Aristotle METAPHYSICA Book 9 Part 6


1. Since we have treated of the kind of potency which is related to movement, let us discuss actuality - what, and what kind of thing, actuality is. For in the course of our analysis it will also become clear, with regard to the potential, that we not only ascribe potency to that whose nature it is to move something else, or to be moved by something else, either without qualification or in some particular way, but also use the word in another sense, which is the reason of the inquiry in the course of which we have discussed these previous senses also. Actuality, then, is the existence of a thing not in the way which we express by 'potentially'; we say that potentially, for instance, a statue of Hermes is in the block of wood and the half-line is in the whole, because it might be separated out, and we call even the man who is not studying a man of science, if he is capable of studying; the thing that stands in contrast to each of these exists actually.
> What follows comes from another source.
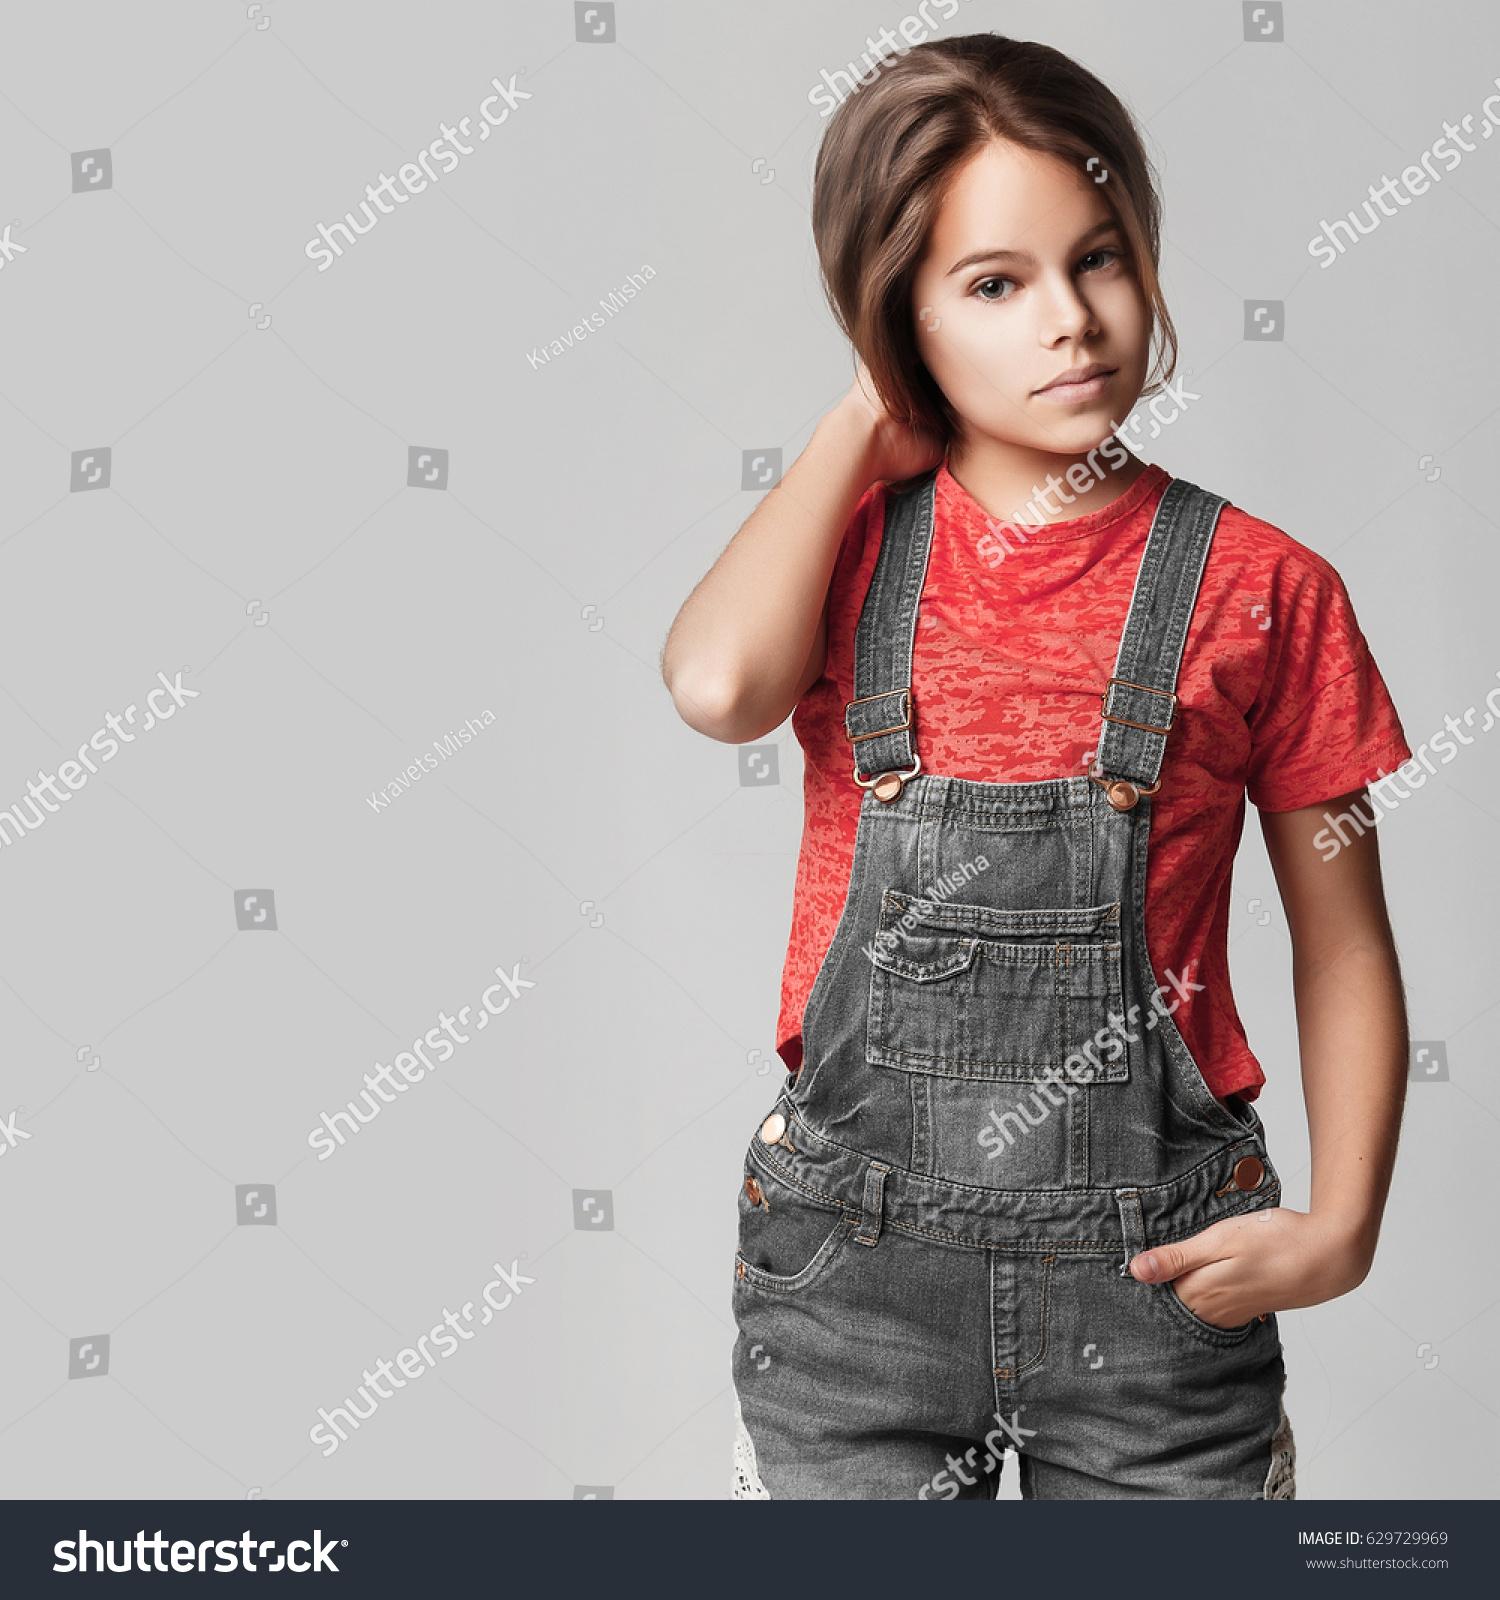 Cute teen girl jeans congratulate, brilliant

Our meaning can be seen in the particular cases by induction, and we must not seek a definition of everything but be content to grasp the analogy, that it is as that which is building is to that which is capable of building, and the waking to the sleeping, and that which is seeing to that which has its eyes shut but has sight, and that which has been shaped out of the matter to the matter, and that which has been wrought up to the unwrought. Let actuality be defined by one member of this antithesis, and the potential by the other. But all things are not said in the same sense to exist actually, but only by analogy - as A is in B or to B, C is in D or to D; for some are as movement to potency, and the others as substance to some sort of matter.
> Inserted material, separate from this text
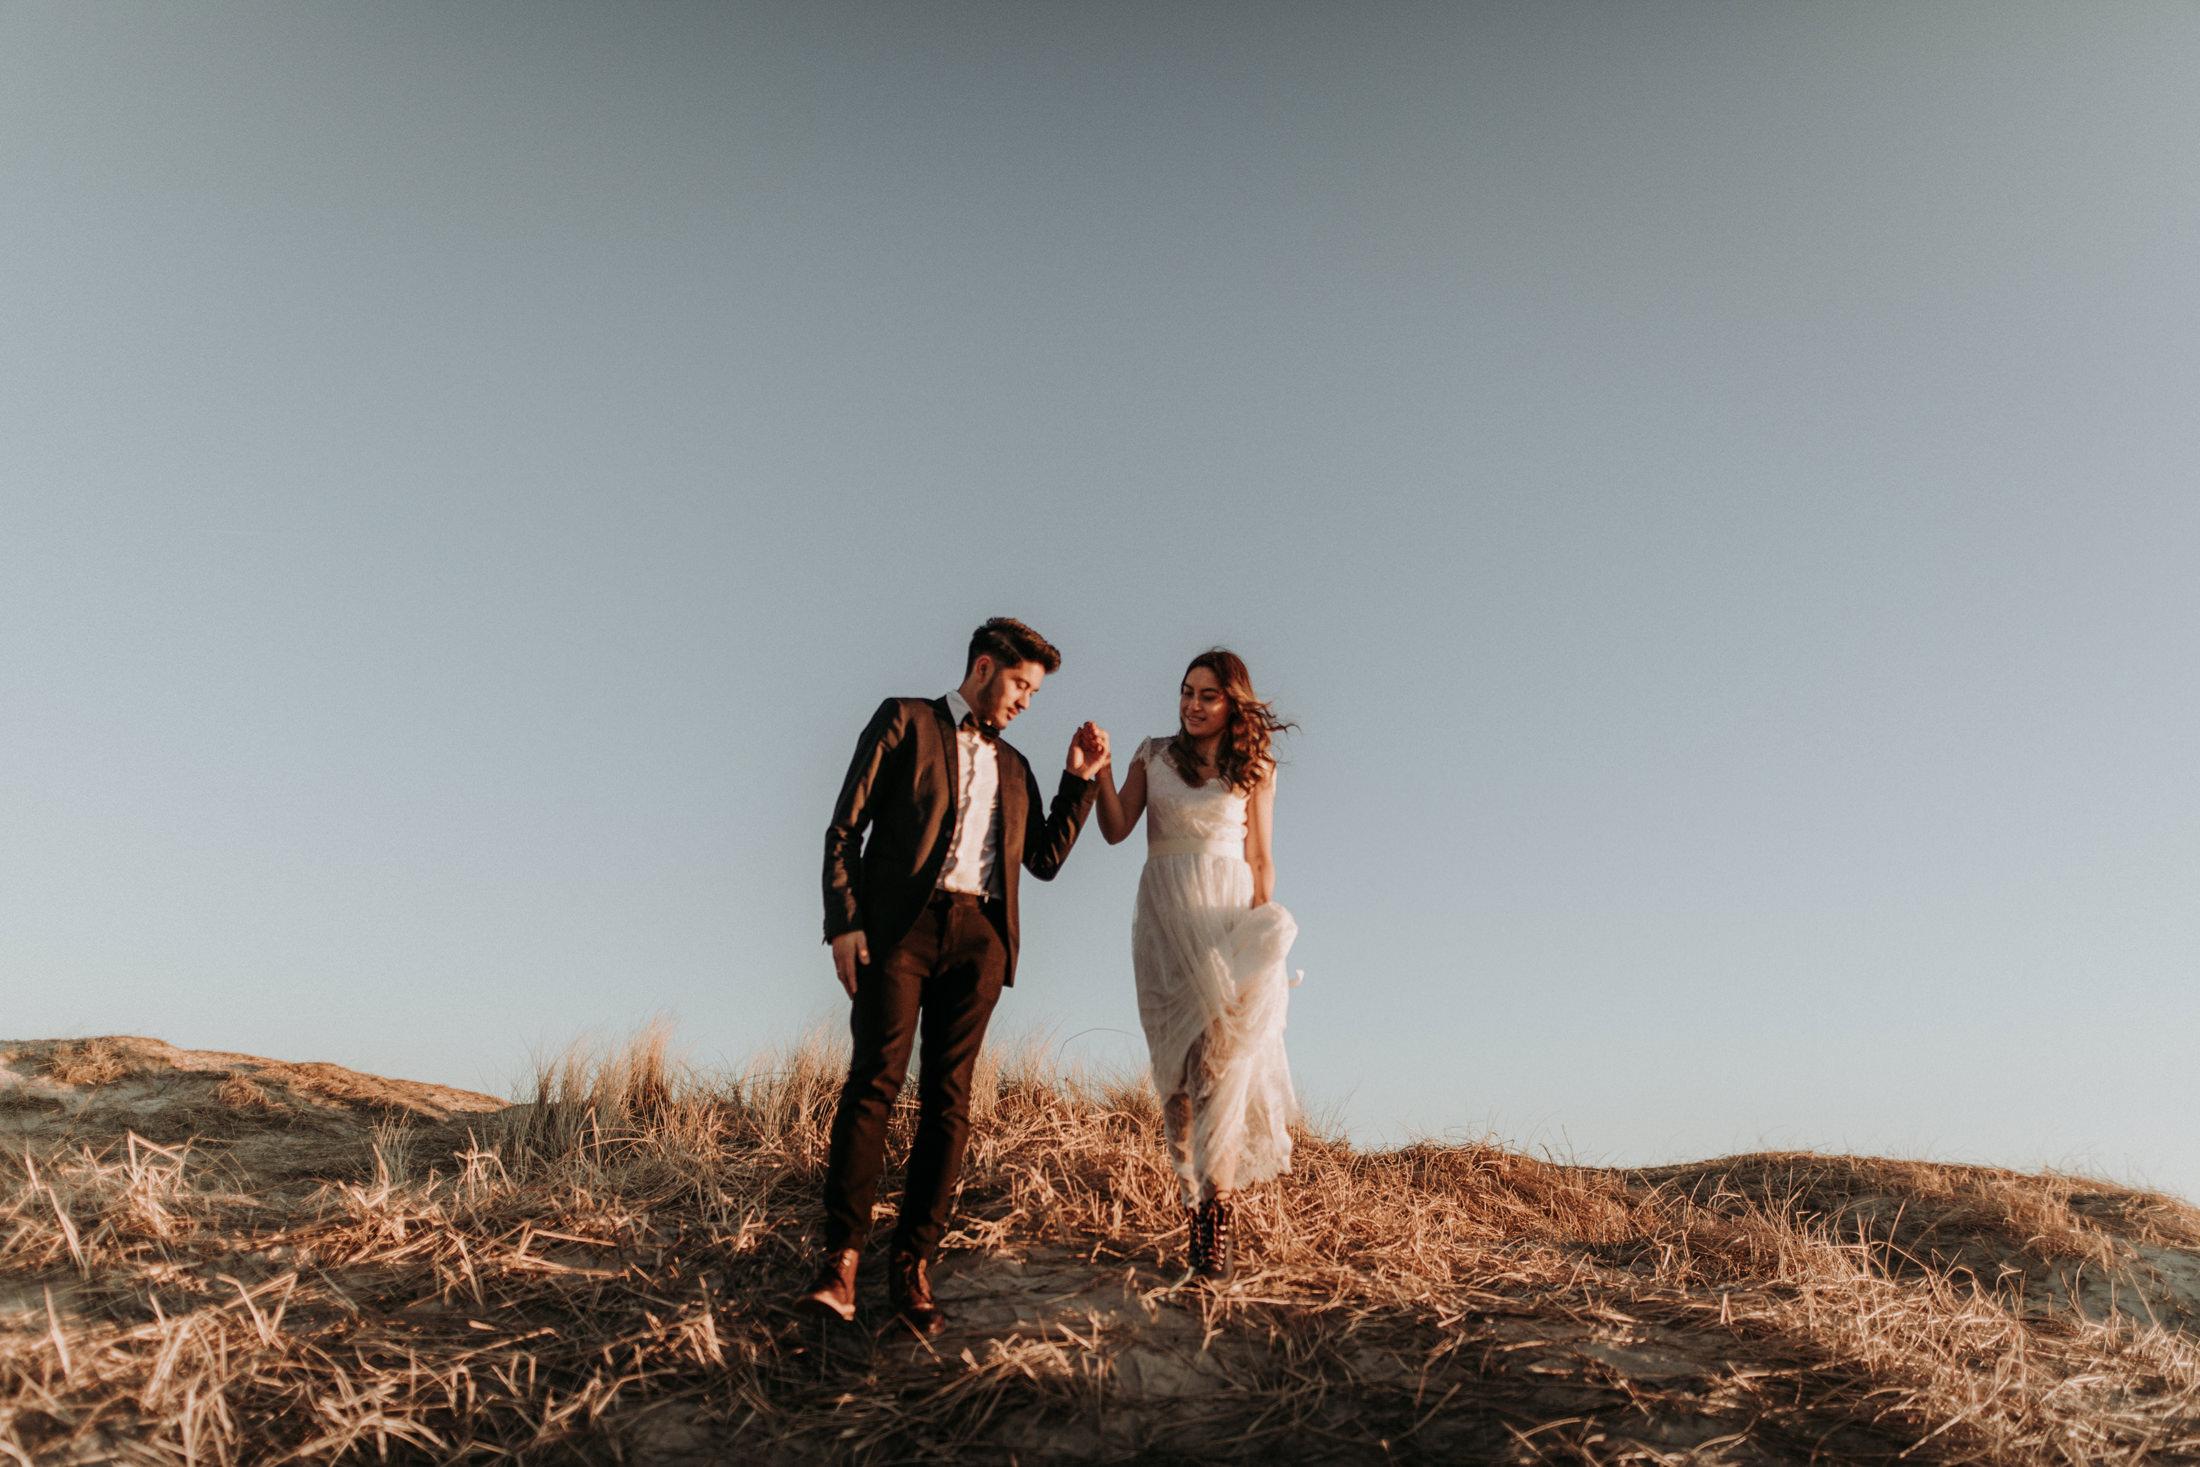 Wedding_Photographer_Mallorca_Daniela-Marquardt_Photography_CanaryIslands_Lanzarote_Iceland_Tuskany_Santorini_Portugal_Schweiz_Austria_Bayern_Elopement_Hochzeitsfotograf_Norddeichich_50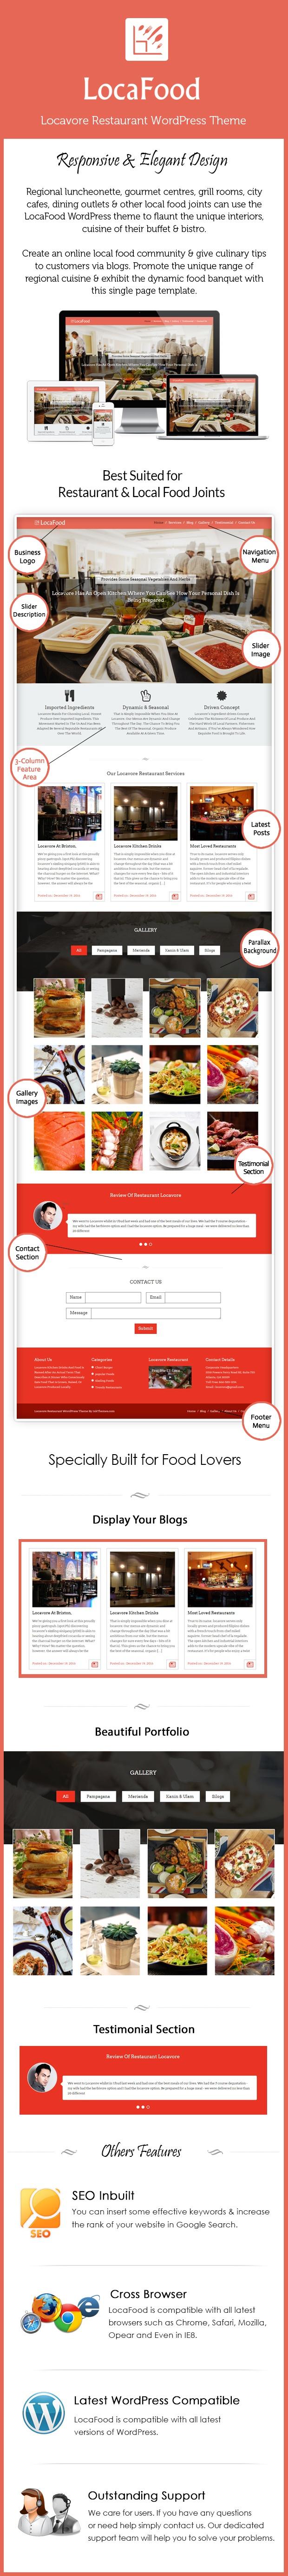 Locavore Restaurant WordPress Theme

2. But also the infinite and the void and all similar things are said to exist potentially and actually in a different sense from that which applies to many other things, e.g. to that which sees or walks or is seen. For of the latter class these predicates can at some time be also truly asserted without qualification; for the seen is so called sometimes because it is being seen, sometimes because it is capable of being seen. But the infinite does not exist potentially in the sense that it will ever actually have separate existence; it exists potentially only for knowledge. For the fact that the process of dividing never comes to an end ensures that this activity exists potentially, but not that the infinite exists separately.
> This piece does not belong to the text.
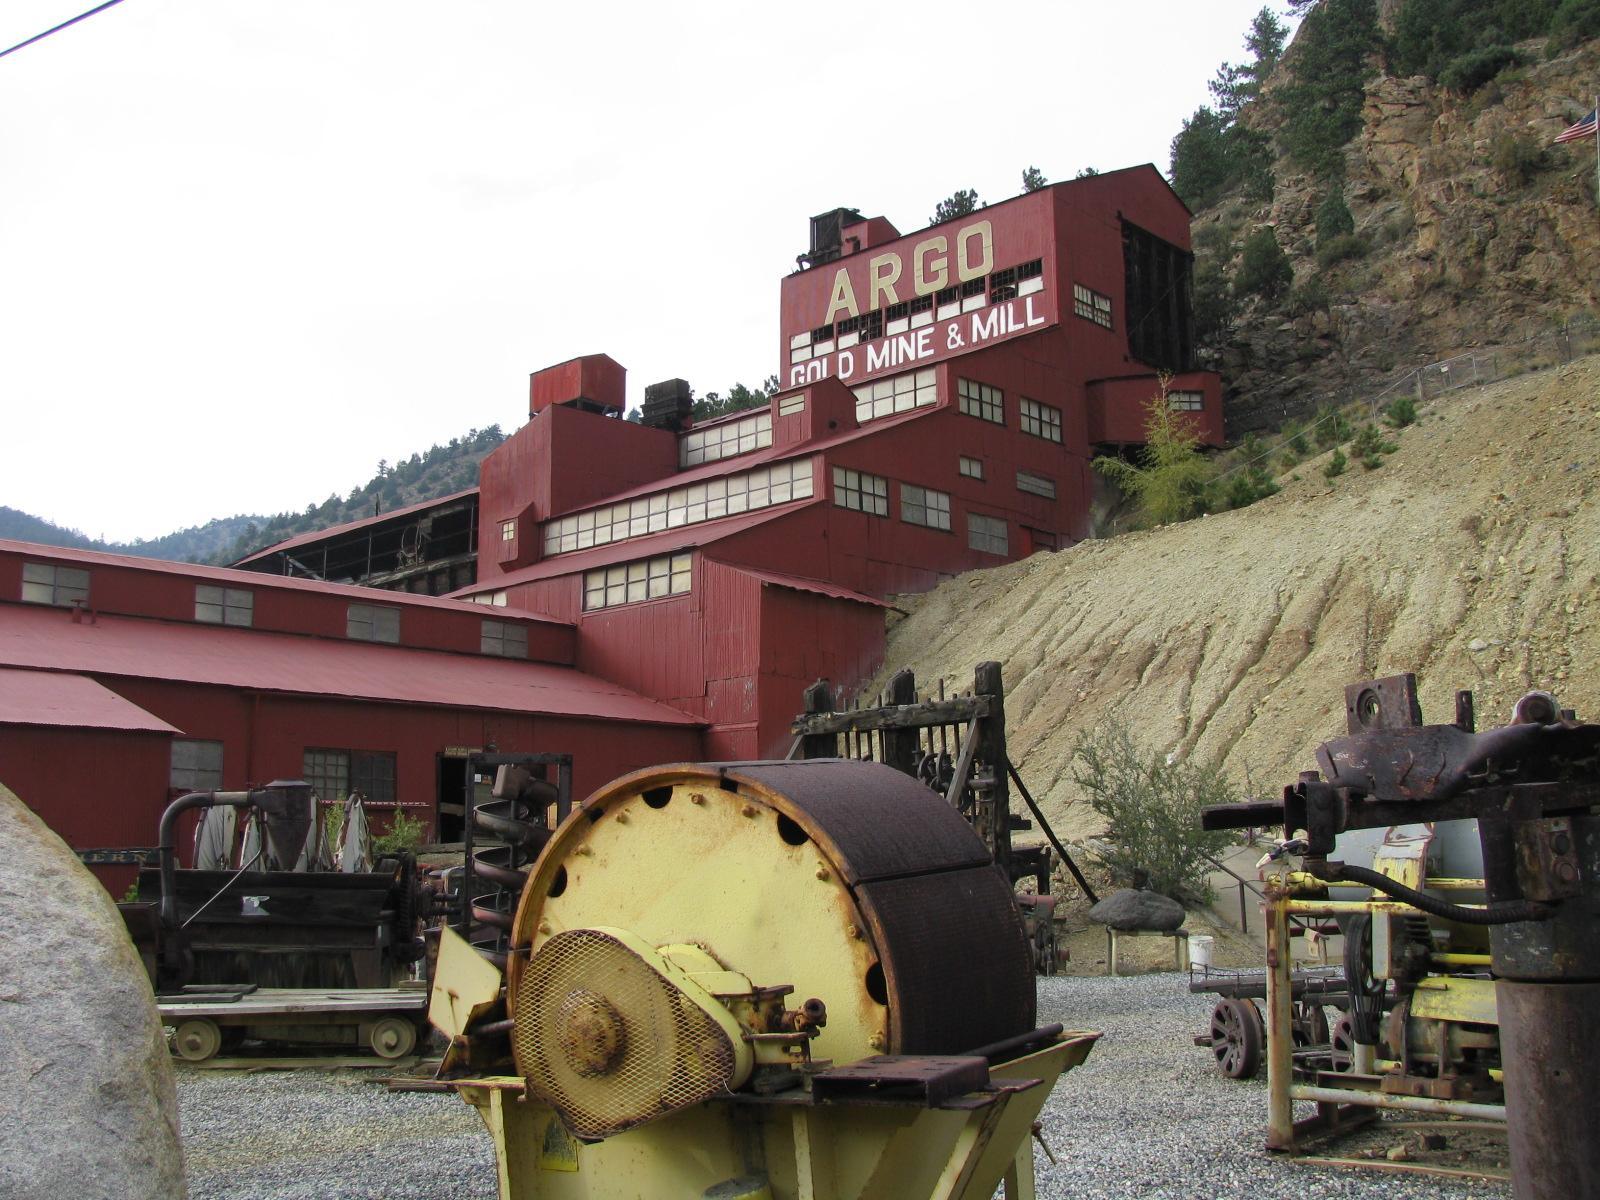 Argo Mine, Idaho Springs

3. Since of the actions which have a limit none is an end but all are relative to the end, e.g. the removing of fat, or fat-removal, and the bodily parts themselves when one is making them thin are in movement in this way (i.e. without being already that at which the movement aims), this is not an action or at least not a complete one (for it is not an end); but that movement in which the end is present is an action. E.g. at the same time we are seeing and have seen, are understanding and have understood, are thinking and have thought (while it is not true that at the same time we are learning and have learnt, or are being cured and have been cured). At the same time we are living well and have lived well, and are happy and have been happy. If not, the process would have had sometime to cease, as the process of making thin ceases: but, as things are, it does not cease; we are living and have lived. Of these processes, then, we must call the one set movements, and the other actualities. For every movement is incomplete - making thin, learning, walking, building; these are movements, and incomplete at that. For it is not true that at the same time a thing is walking and has walked, or is building and has built, or is coming to be and has come to be, or is being moved and has been moved, but what is being moved is different from what has been moved, and what is moving from what has moved. But it is the same thing that at the same time has seen and is seeing, seeing, or is thinking and has thought. The latter sort of process, then, I call an actuality, and the former a movement.